I flipped out when I saw this flask for $60 on eBay...I'm so happy to say that the seedlings look great and healthy! I think there are 25 seedlings, some are small but all have good roots and a healthy crown.

Once again, seedling orchiata bark, low light, and high humidity for the first month, and then my normal conditions after that. I use RO water with very low fertilizer rates all the time.












David


----------



## troy (Apr 18, 2016)

These look like hellbound, just send them to me hahaha, curious where and how much was it?


----------



## Mikefallen13 (Apr 18, 2016)

Nice!
I also scored a flask of this species, should get here later this week. Can't wait to watch these grow up!


----------



## troy (Apr 18, 2016)

Where did you get it?


----------



## Justin (Apr 18, 2016)

They look great but it will be a long wait for flowers. I grew a flask in 2006 and fingers crossed for a spike in 2017.


----------



## troy (Apr 18, 2016)

11 years to bloom hhmmmm???


----------



## orchidman77 (Apr 18, 2016)

11 years...ugh...I'm glad I'm young!

Flask was offered on eBay from the vendor "orchidspeed" - I believe her company is named Orchid Trading Company and has been growing/propagating slippers for 25 years. Great buying experience!

David


----------



## ehanes7612 (Apr 18, 2016)

orchidman77 said:


> 11 years...ugh...I'm glad I'm young!
> 
> Flask was offered on eBay from the vendor "orchidspeed" - I believe her company is named Orchid Trading Company and has been growing/propagating slippers for 25 years. Great buying experience!
> 
> David



Orchidspeed is awesome


----------



## Ozpaph (Apr 19, 2016)

A bargain if true to label. Where does the flask/parents originate from? (?not the reseller). thanks


----------



## orchidman77 (Apr 19, 2016)

Ozpaph said:


> A bargain if true to label. Where does the flask/parents originate from? (?not the reseller). thanks



Orchid trading company's own plants were the parents. They are an in-house growing/flashing company. I inquired as to these plants' parentage and was told that both parents were jungle-collected and grown for 25 years. 

David


----------



## Ozpaph (Apr 20, 2016)

interesting. Do they have photos of the parents?


----------



## orchidman77 (Apr 20, 2016)

I'm sure I could get photos if I asked.


----------



## Mikefallen13 (Apr 21, 2016)

Just potted up my flask, the seedlings look very healthy with well developed roots which is really nice. i have them positioned in a nice shady spot in my enclosed growspace. Here's a phone pic of the seedlings potted, I counted 25 of them.

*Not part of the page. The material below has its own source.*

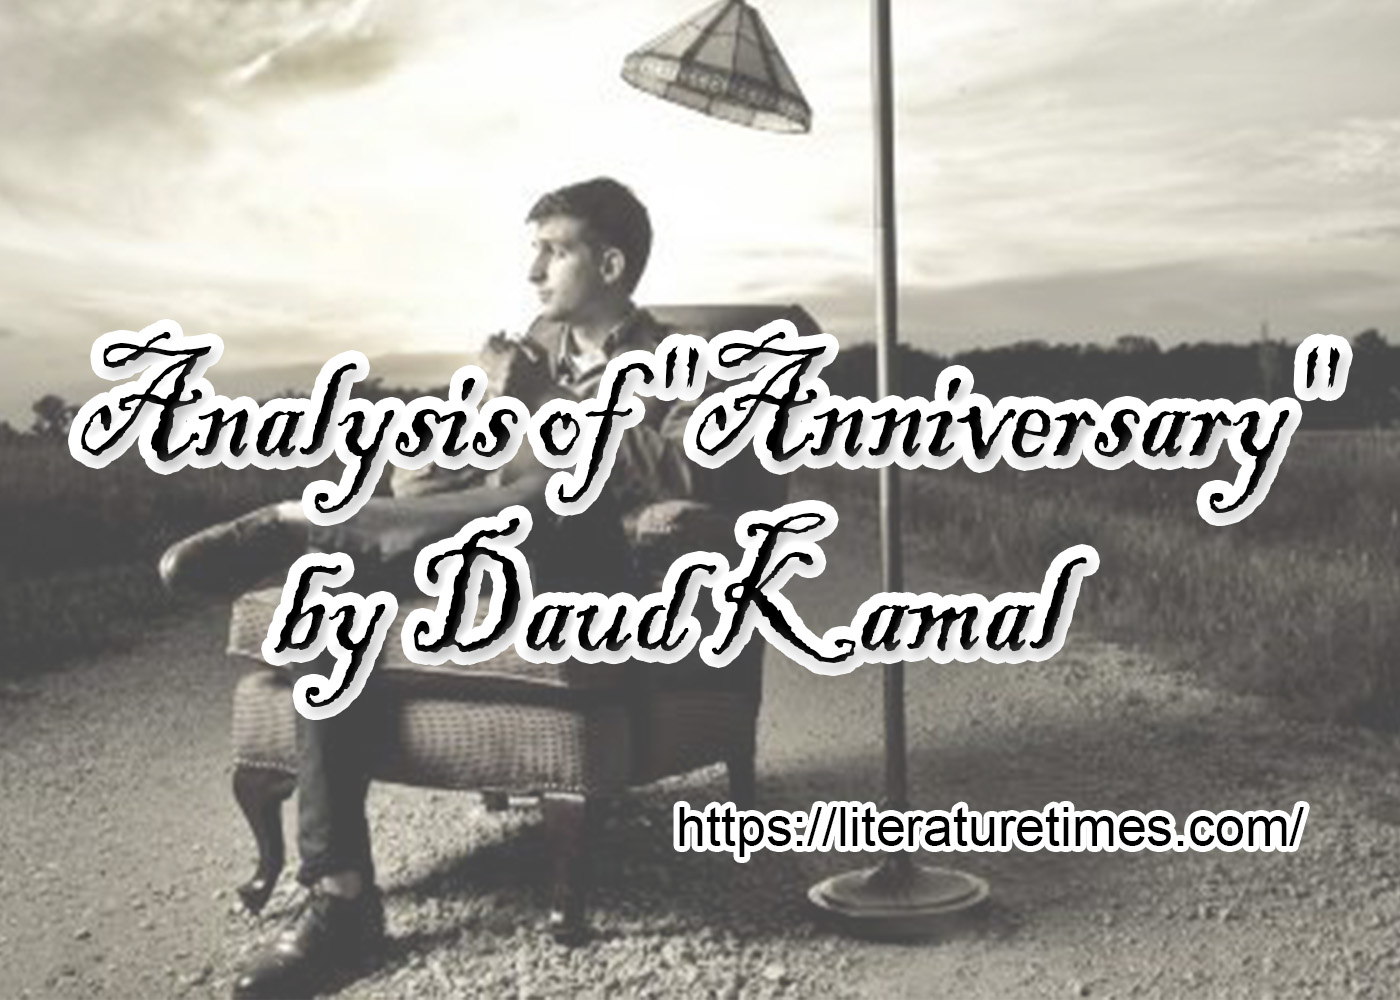 Analysis of "Anniversary" by Daud Kamal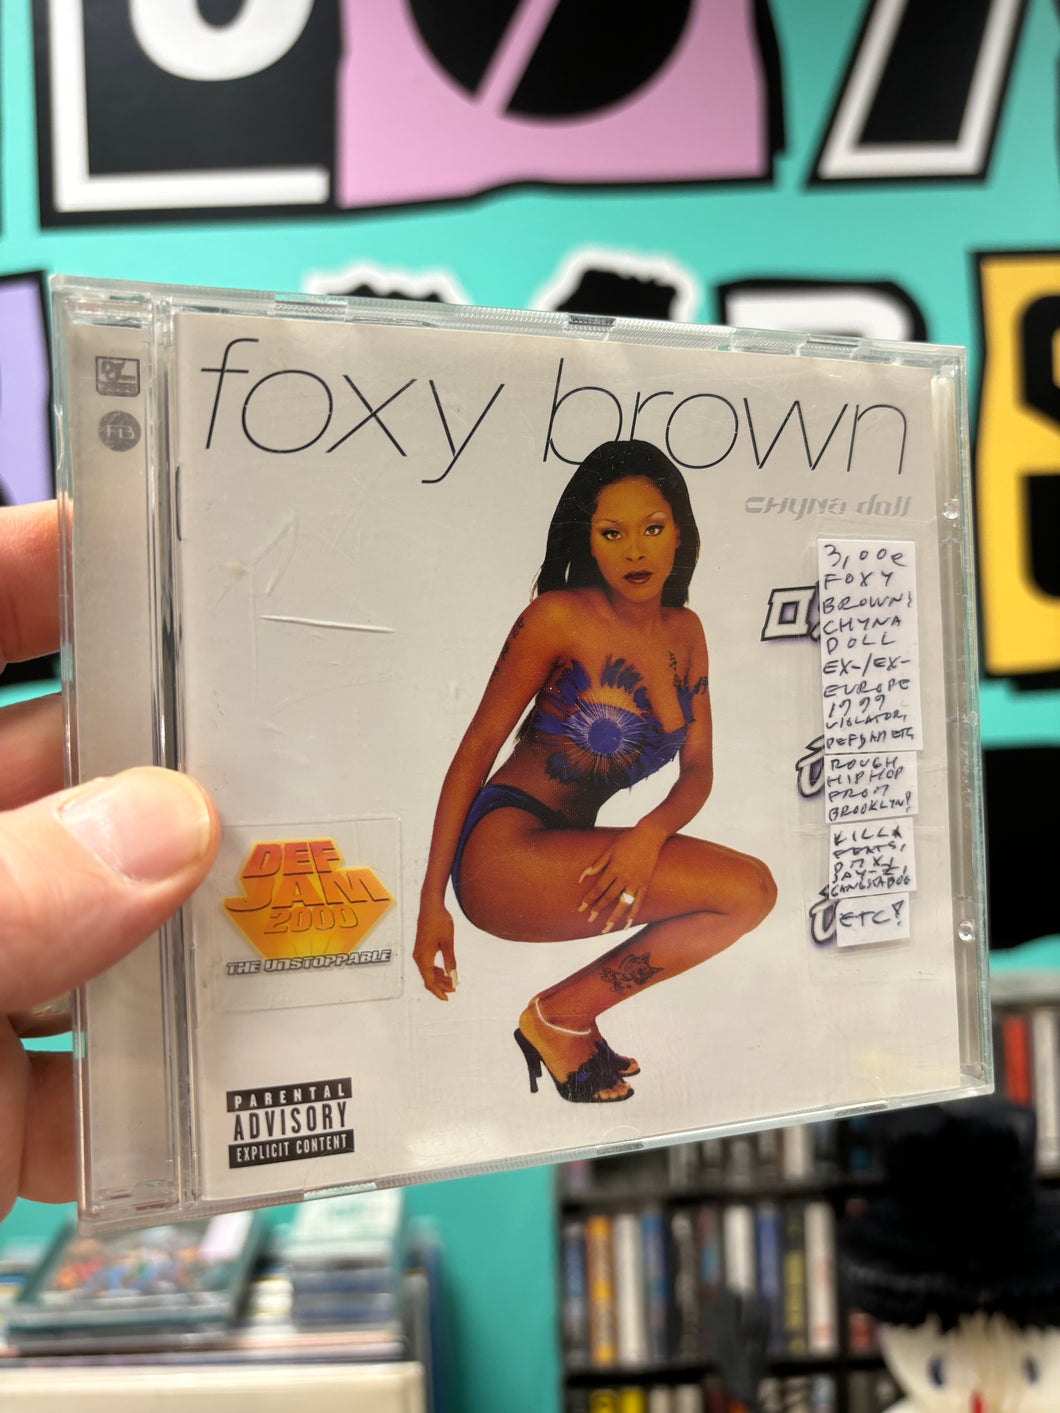 Foxy Brown: Chyna Doll, CD, Europe 1999

It will be exciting to watch these grow up.


----------



## orchidman77 (Apr 21, 2016)

Those look great, Mike! Best of luck!

David


----------



## Kawarthapine (Apr 25, 2016)

Very nice and well graded!


----------



## SlipperFan (Apr 25, 2016)

They look really good!


----------



## phraggy (Apr 26, 2016)

Looking very nice Mike.

Ed


----------